We appreciate your attempt to clarify Malinowski’s statement, which at the time provoked public consternation from law professors specializing in constitutional law and international law, such as Darren Hutchinson and Kenneth Anderson. This reaction arose because the LA Times article in question focused exclusively on CIA renditions and President Barack Obama’s executive order, which preserved them through a redefinition that allowed the transfer of suspects on a “short-term, transitory basis.” All CIA renditions, whether long- or short-term, whether they lead to torture or not, deny suspects the right to legal proceedings in which they can challenge their transfer from the country in question. Unlike commonplace extraditions, CIA renditions—extraordinary or otherwise—do not guarantee the detainees’ right to legal counsel or access to the court system of the country where they are seized. 
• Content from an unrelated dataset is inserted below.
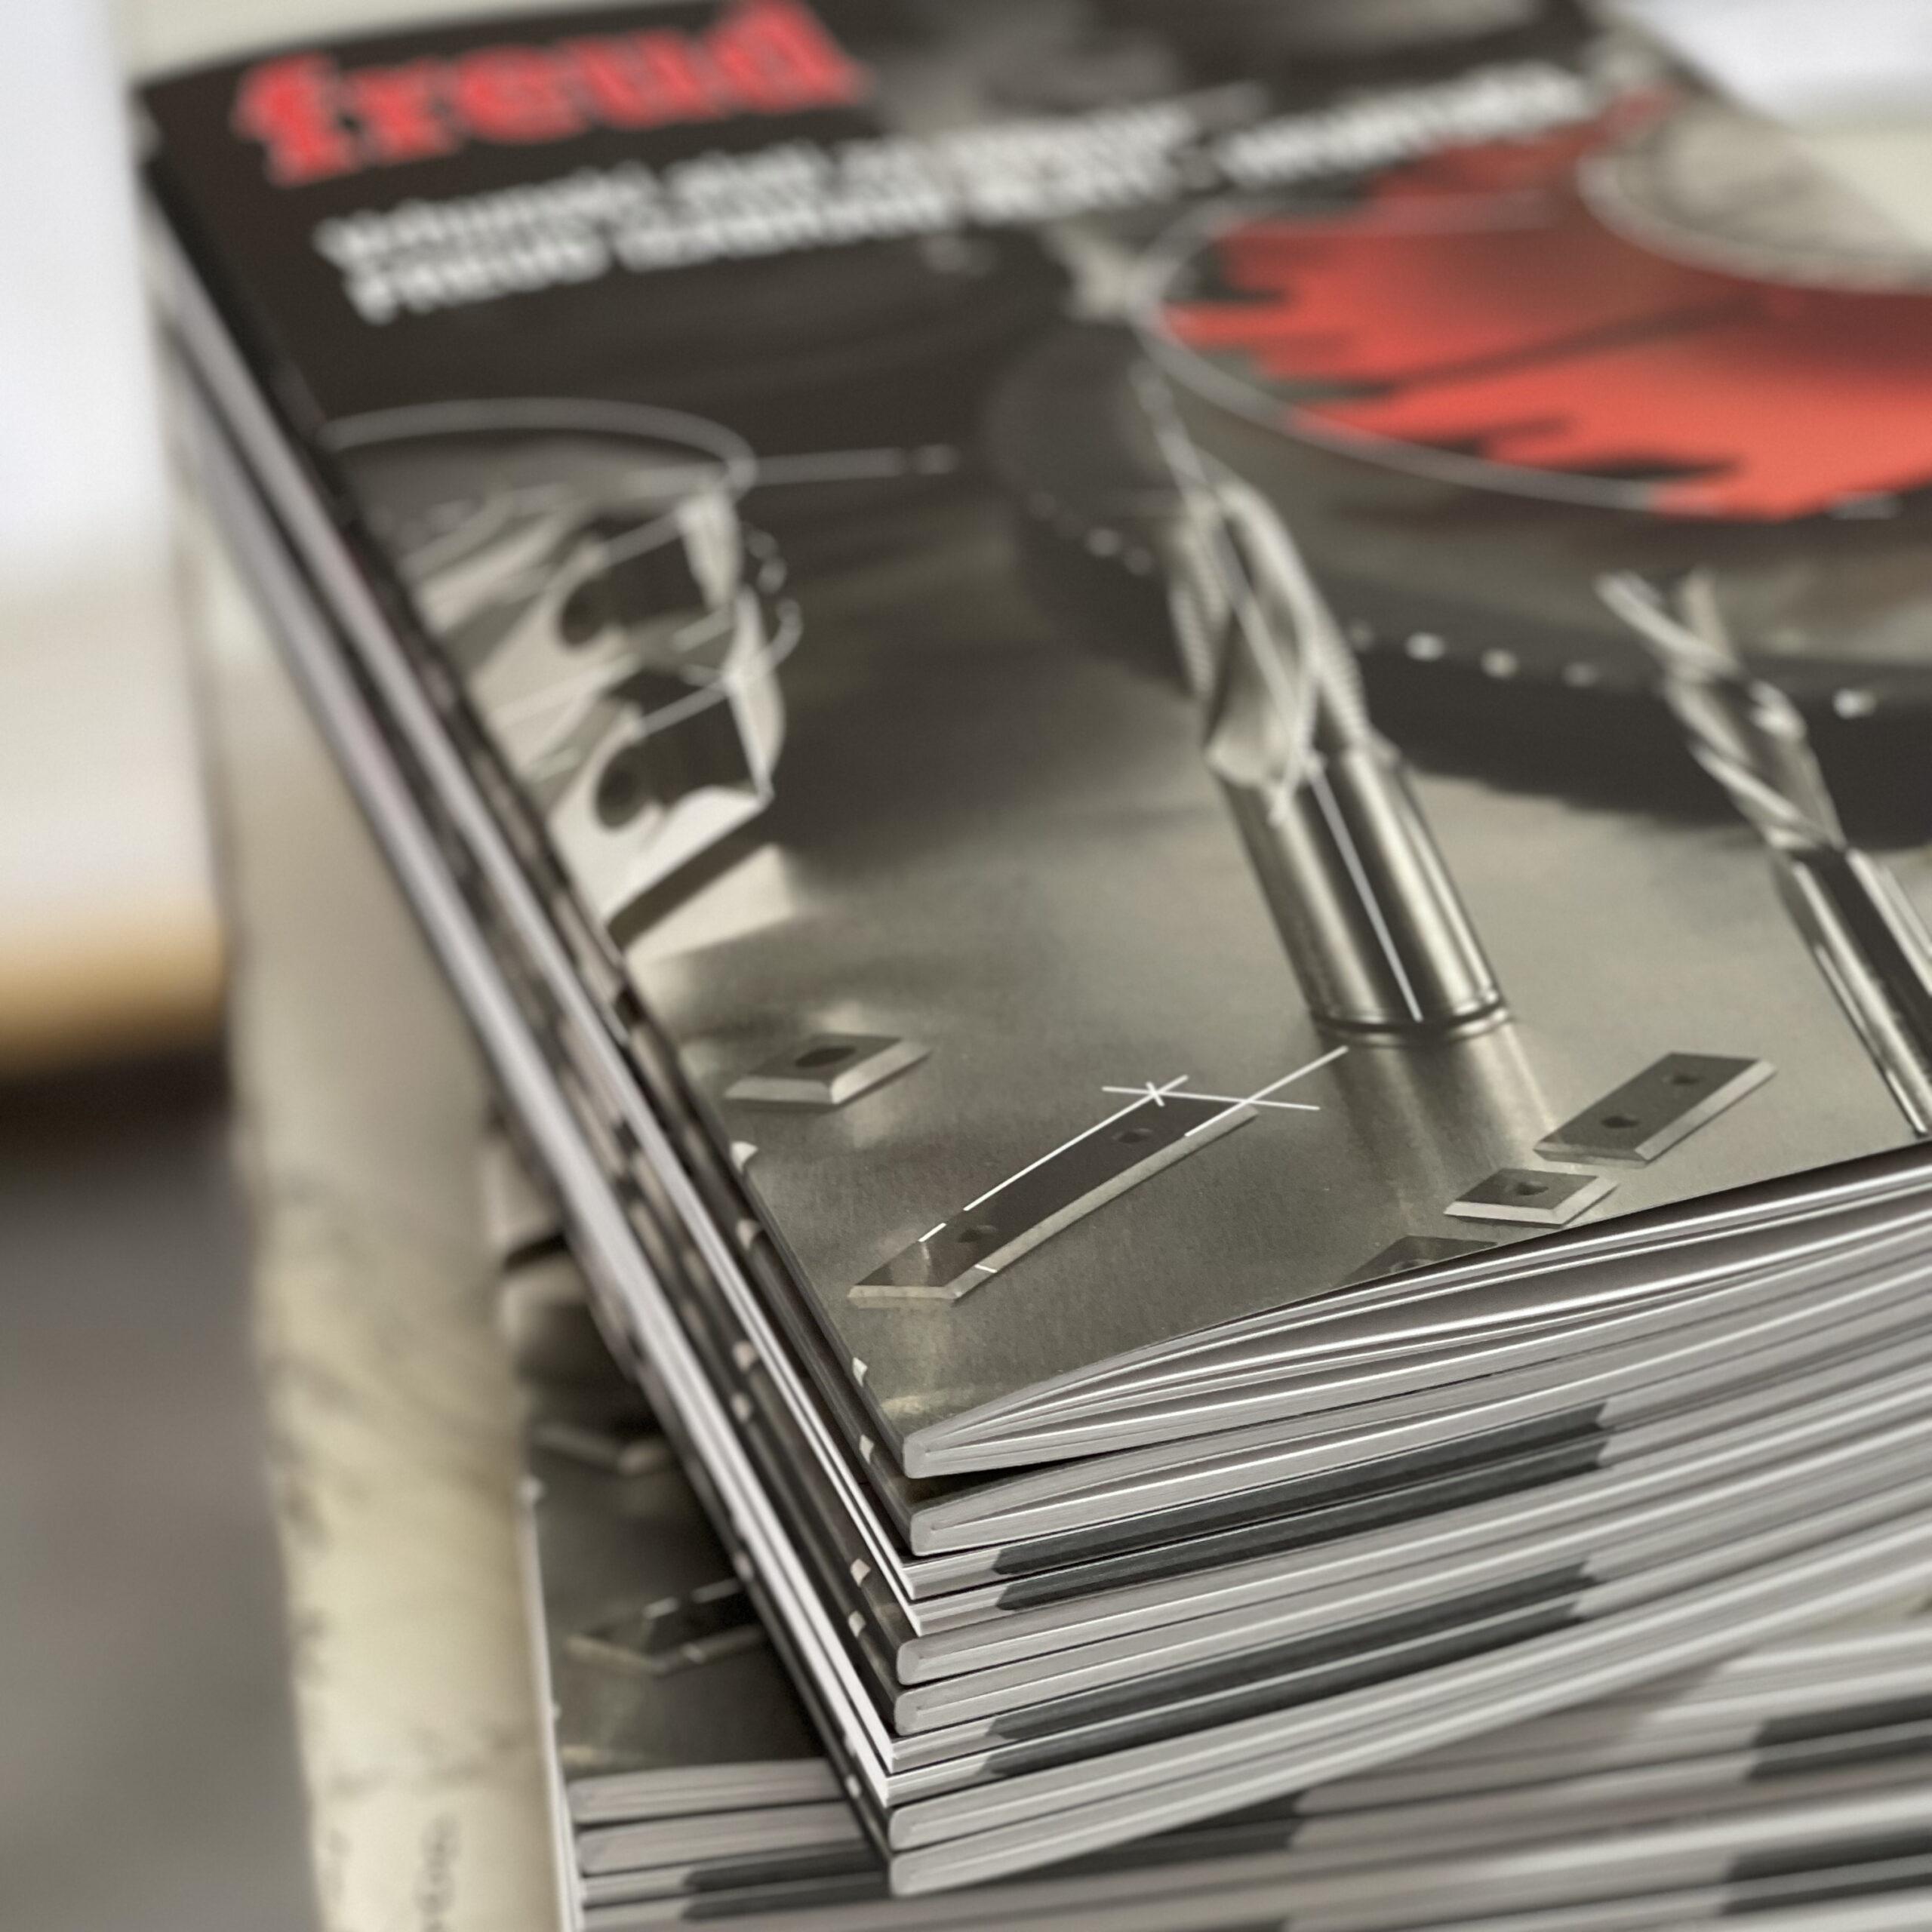 Square klamani uvez časopis

In our previous letter to you, we cited Obama’s “preservation of renditions” as a serious human rights concern, and hyperlinked to a widely cited Open Society Justice Initiative report from 2013 which observed that Obama’s 2009 “executive order did not repudiate extraordinary rendition,” and that “it appears that the Obama administration did not end extraordinary rendition.” In light of this and the fact that the LA Times solely focused on an executive order pertaining to CIA renditions, Malinowski’s comment on their “legitimate place” was troubling and remains so, especially given his now-senior position within the Obama administration. Controversy around the practice persists, as exemplified by the headline of a 2013 Washington Post news article: “Renditions continue under Obama, despite due-process concerns.” 
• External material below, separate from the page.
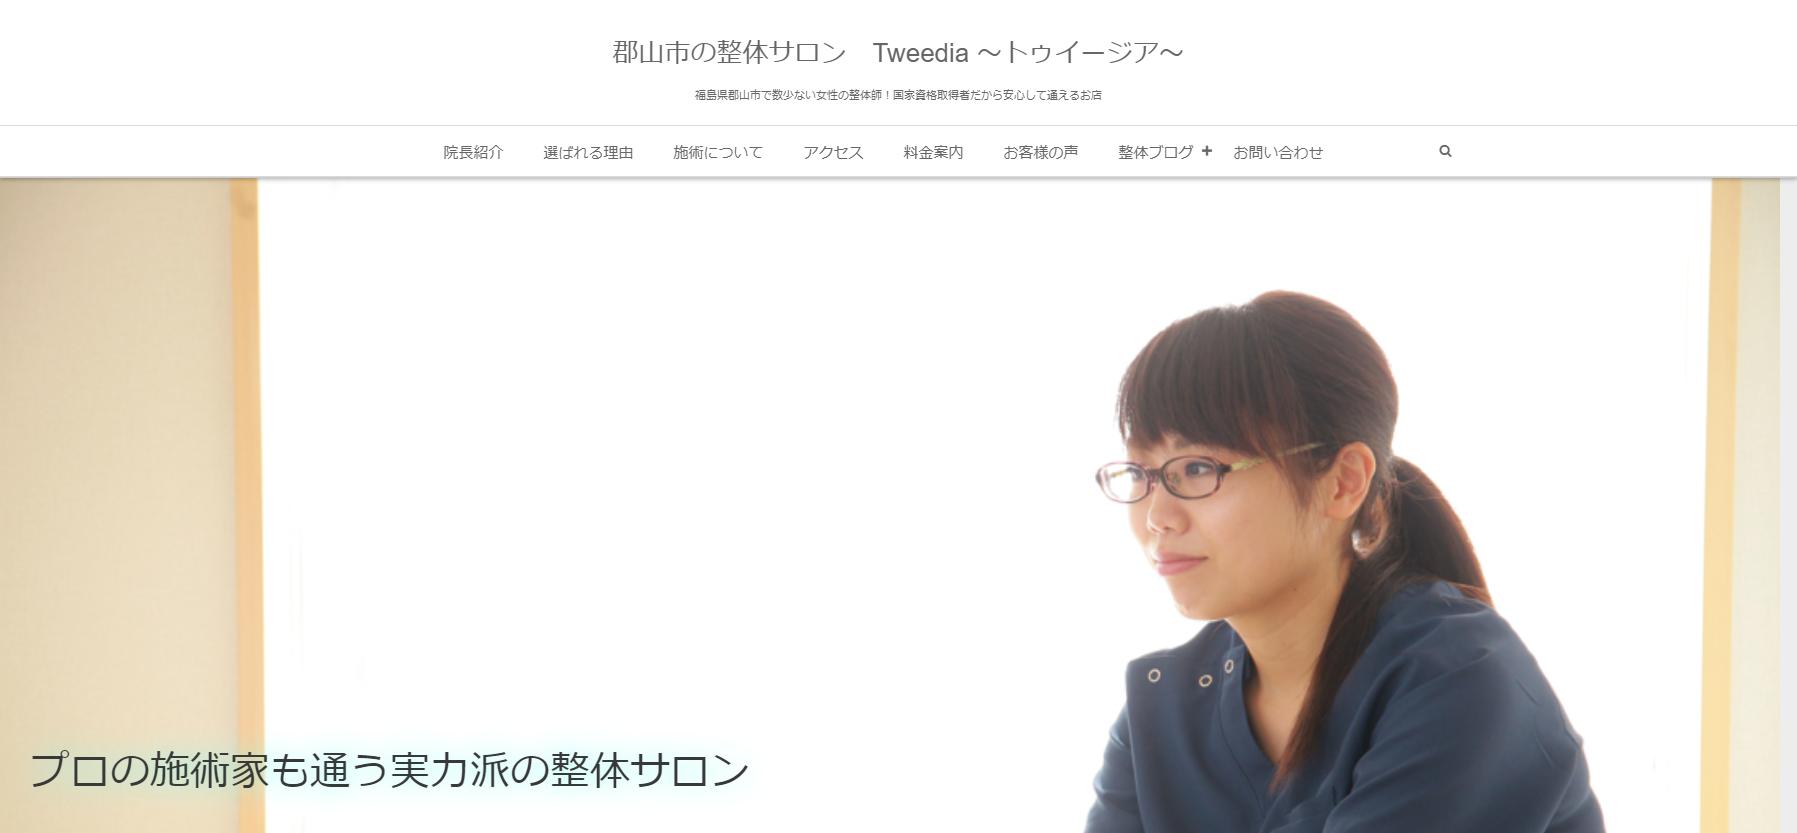 Tweedia 〜トゥイージア〜のサムネイル

Malinowski’s subsequent statement to the LA Times was perhaps even more dubious, for additional reasons. As HRW’s Washington director, he paraphrased the Obama administration’s claim that designing an alternative to “people being sent to foreign dungeons to be tortured” was “going to take some time,” without questioning whether a gradual approach to ending such abuses was justifiable or even legal. For an organization that operates under the principle that human rights are absolute rights, not rights to be traded away for expediency or other political goals—which is the only way that a credible human rights organization can or should operate—such a statement should be deeply alarming. In fact, the Obama administration did proceed to “take some time,” sustaining the use of such “foreign dungeons” for years—likely up to the present day.
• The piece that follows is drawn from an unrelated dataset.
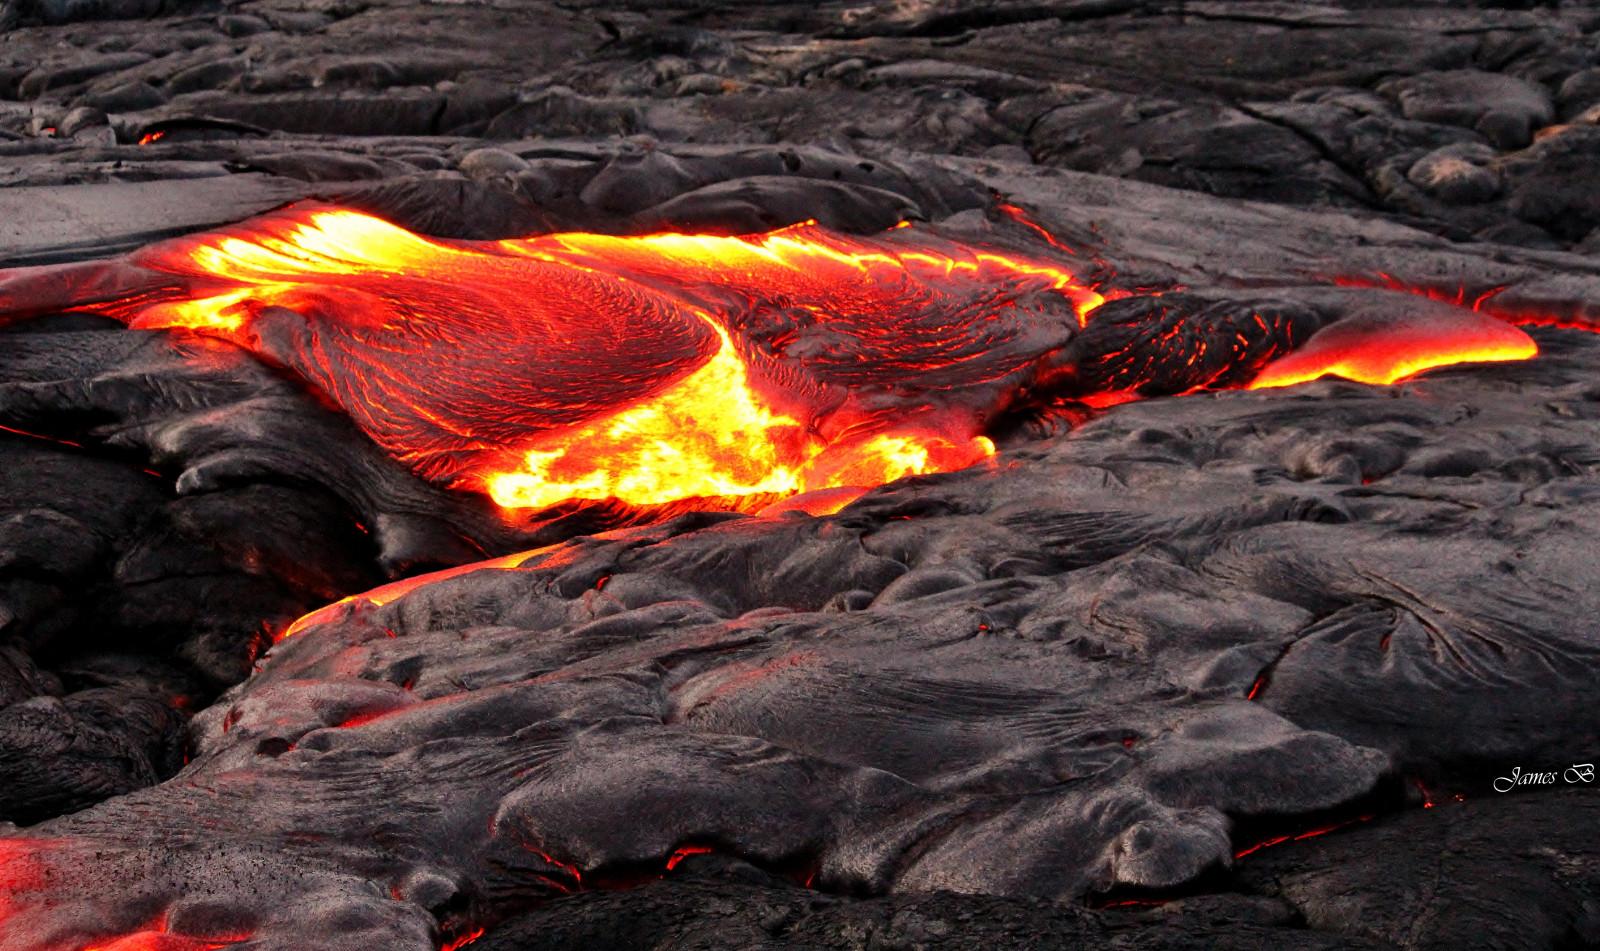 wie heiß ist lava

Numerous eye-witness testimonies led to articles by Der Spiegel in 2009 and the BBC in 2010 that reported on torture conducted under Obama’s presidency at Bagram Air Base in Afghanistan, where detainees have had no right to habeas corpus. A 2011 Nation investigative piece detailed the conditions of an underground “secret prison” in Somalia used by the CIA, which serves as a destination for U.S.-assisted renditions. U.S. officials are said to conduct joint “debriefings,” or interrogations, at the site. The report’s author, Jeremy Scahill, found that the prisoners were unable to be seen by the Red Cross, and “they are not ever presented with charges.” 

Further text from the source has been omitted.